К древним элементам, воспринятым греками, следует особенно причислить их мистерии, своеобразный род культа, еще и сегодня вызывающий большие споры. О них прямо говорится, что они представляют собой древний, чужеродный культ. Так, сама история указывает на то, что в них имелись черты древней религии природы. Необходимо также, чтобы они содержали именно это, а не что-либо другое. Мистерии — это древняя религия, отчасти чужеродная, отчасти исконная. Она сохраняется как нечто подземное, как тайна. Как к самим древним богам, так и к древней религии продолжали относиться с почтением, хотя она и противоречила тогдашней религии народа. Но она была не возвышенным, а, скорее, примитивным началом греческой религии. Древнее наследие, в котором уже не живет дух народа, падает до уровня чего-то более или менее незнакомого, по преимуществу достойного почитания, что образует источник последующего развития, который может объяснить его. Утвердившееся новое, как, например, устройство политической жизни, не находится больше в одинаковом положении со старым. Старое, почитаемое еще в качестве источника, должно считаться запрещенным, опасным, тем, что могло бы принести гибель новому. Ибо предполагается, что знание старого дает возможность познать и права нового, и новое явилось бы как что-то такое, что не имеет оправдания в себе самом. Таково отношение мистерий к народной религии, и с этим связывается вера в то, что все мистериальное гораздо мудрее, чем эта религия.

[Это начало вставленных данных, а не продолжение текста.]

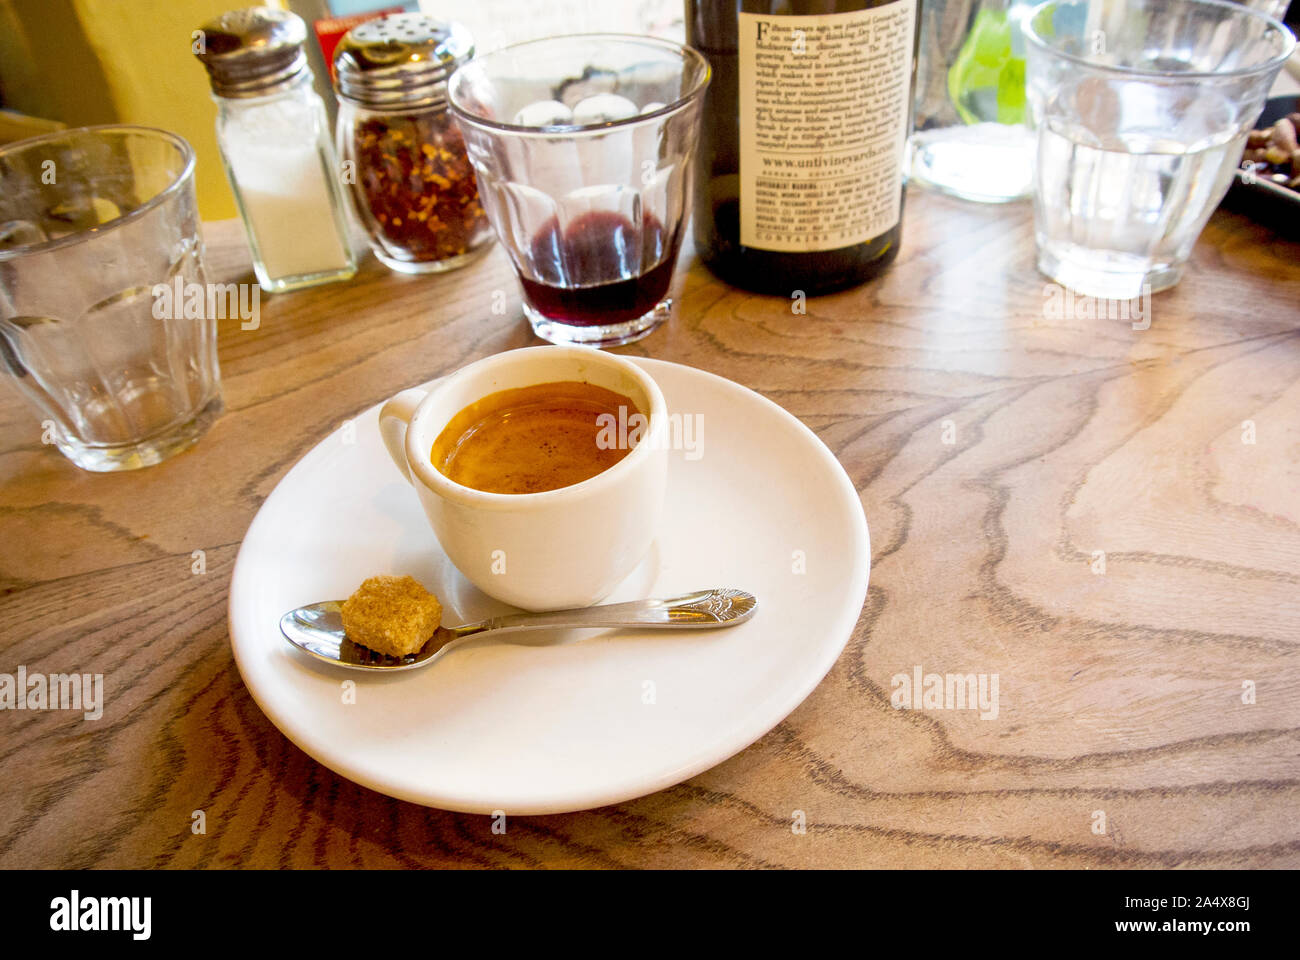 Ein Espresso sitzt auf einer Tabelle nach einer Mahlzeit mit Wein genossen. Stockfoto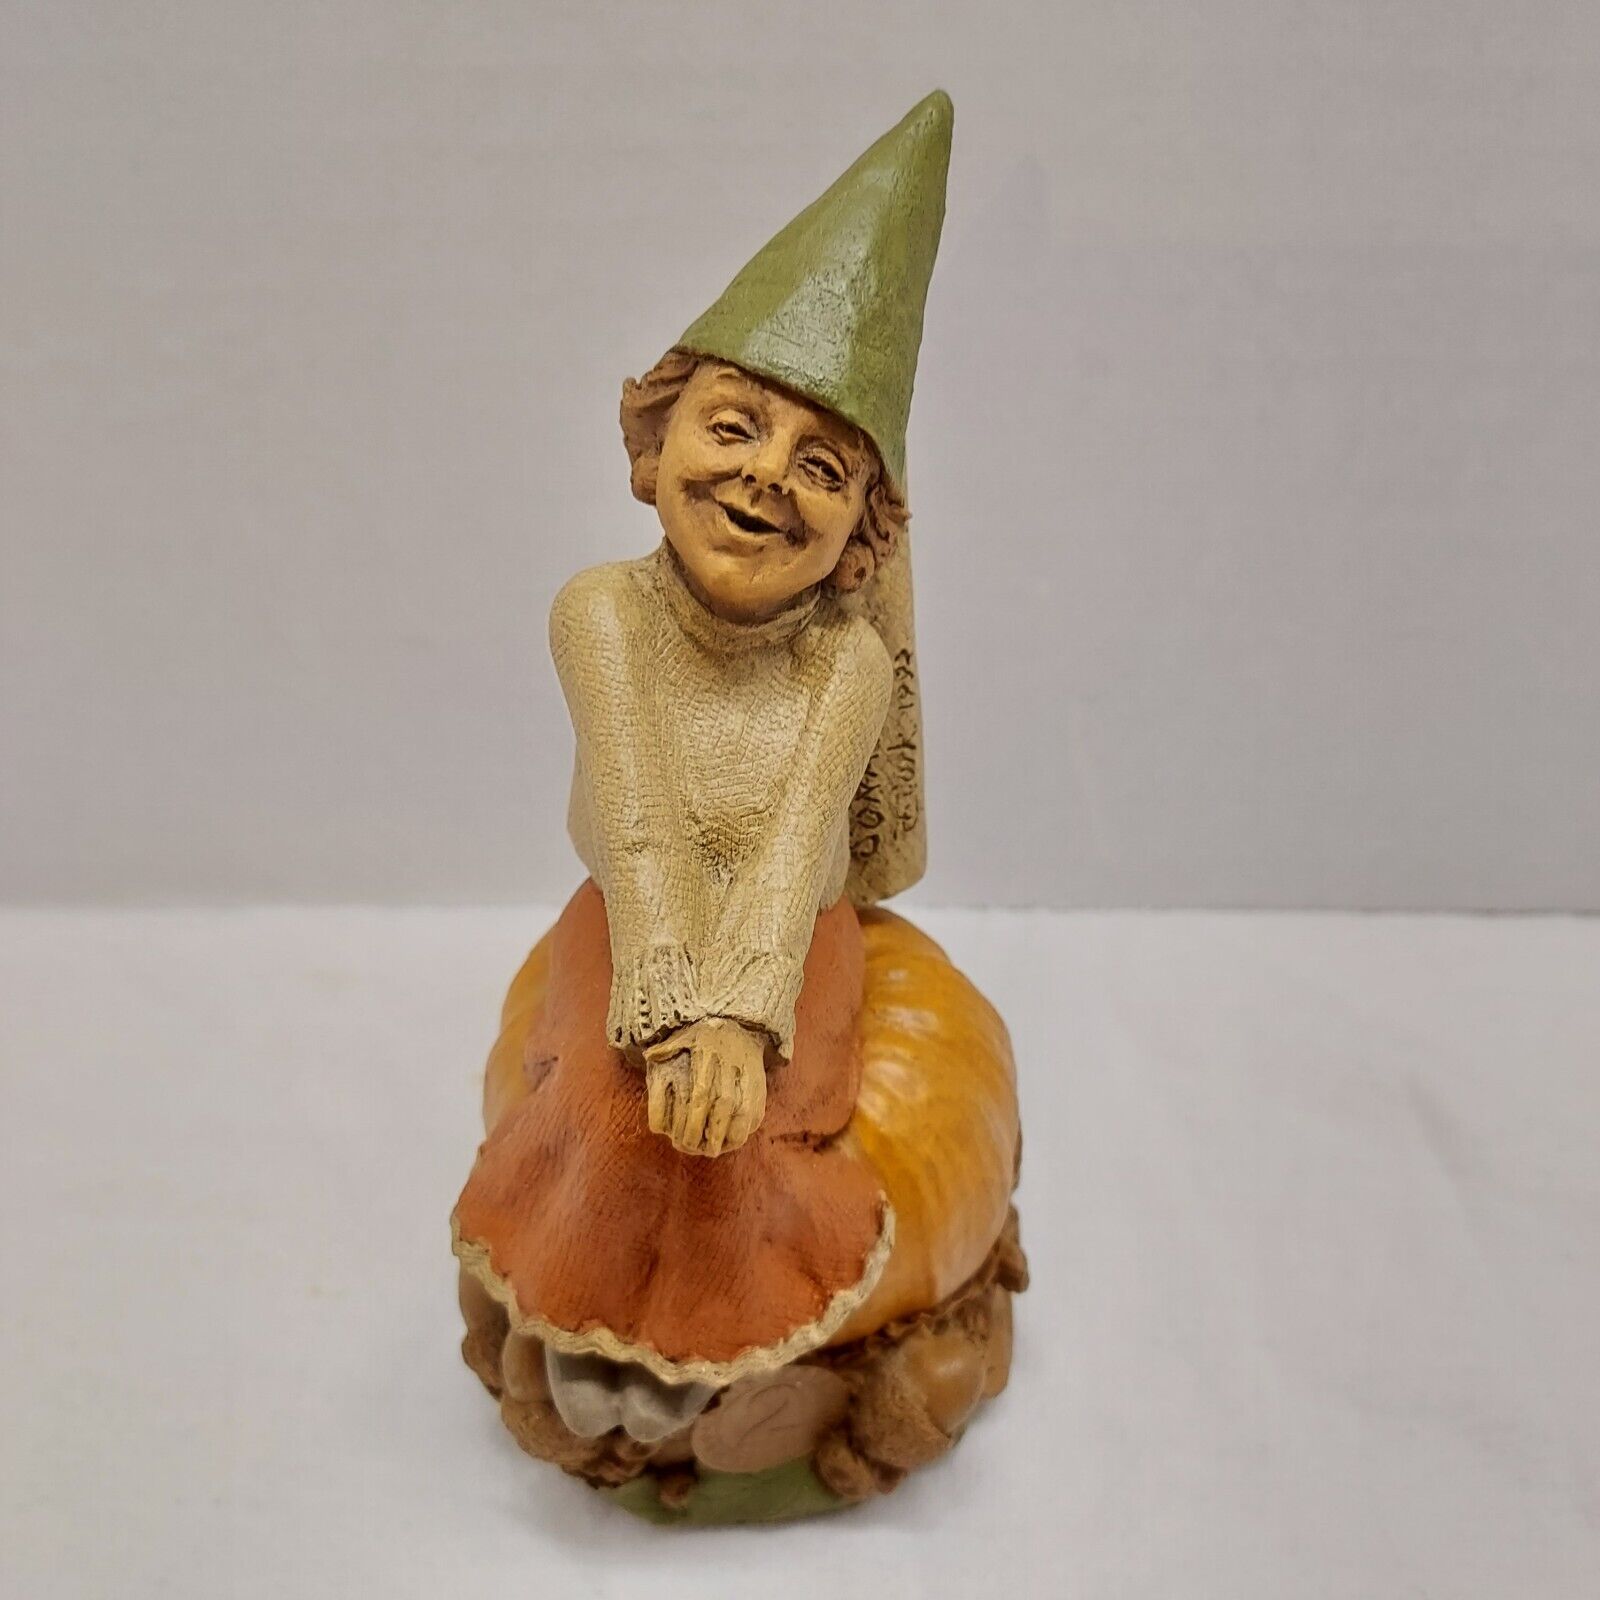 Vintage 1992 Tom Clark delightful figurine, Sonata Sitting on Pumpkin #40, #5206

То же самое отношение отчасти сохранялось и в правовой жизни, где старые истершиеся пергаменты считались подлинным источником познания настоящего. Мистерии были таким древним истоком и несомненно не содержали никакой мудрости сверх того, что было в сознании греков. Они необходимо содержали культовые представления религии природы; однако новая религия была более подлинной, более духовной. Наш рассудок также сталкивается с чем-то подобным при рассмотрении этой более духовной греческой религии. Требуя, например, объяснения для отдельных греческих богов, называют при этом абстрактные стихии природы. Так, говорят, что Посейдон — это море; однако последнее есть нечто более низшее, чем Посейдон. С другой стороны, и мистерии вовсе не означают тогда тайны, но обозначаемое словом представляет собой спекулятивное, остающееся несомненной тайной для рассудка. Следовательно, не следует искать тайн в этих мистериях. В позднейшую, христианскую эпоху все они были разглашены; если бы в них содержалось нечто высшее, это стало бы известным. Все афиняне были посвящены в элевсинские мистерии, за исключением Сократа, который хотел быть свободным от обвинения в том, что, основывая что-либо в мысли, он выдает этим элевсинские тайны. Он знал, что наука и искусство проистекают не из мистерий и что в тайне никогда нет мудрости. Истинная же наука находится, скорее, на открытых просторах сознания.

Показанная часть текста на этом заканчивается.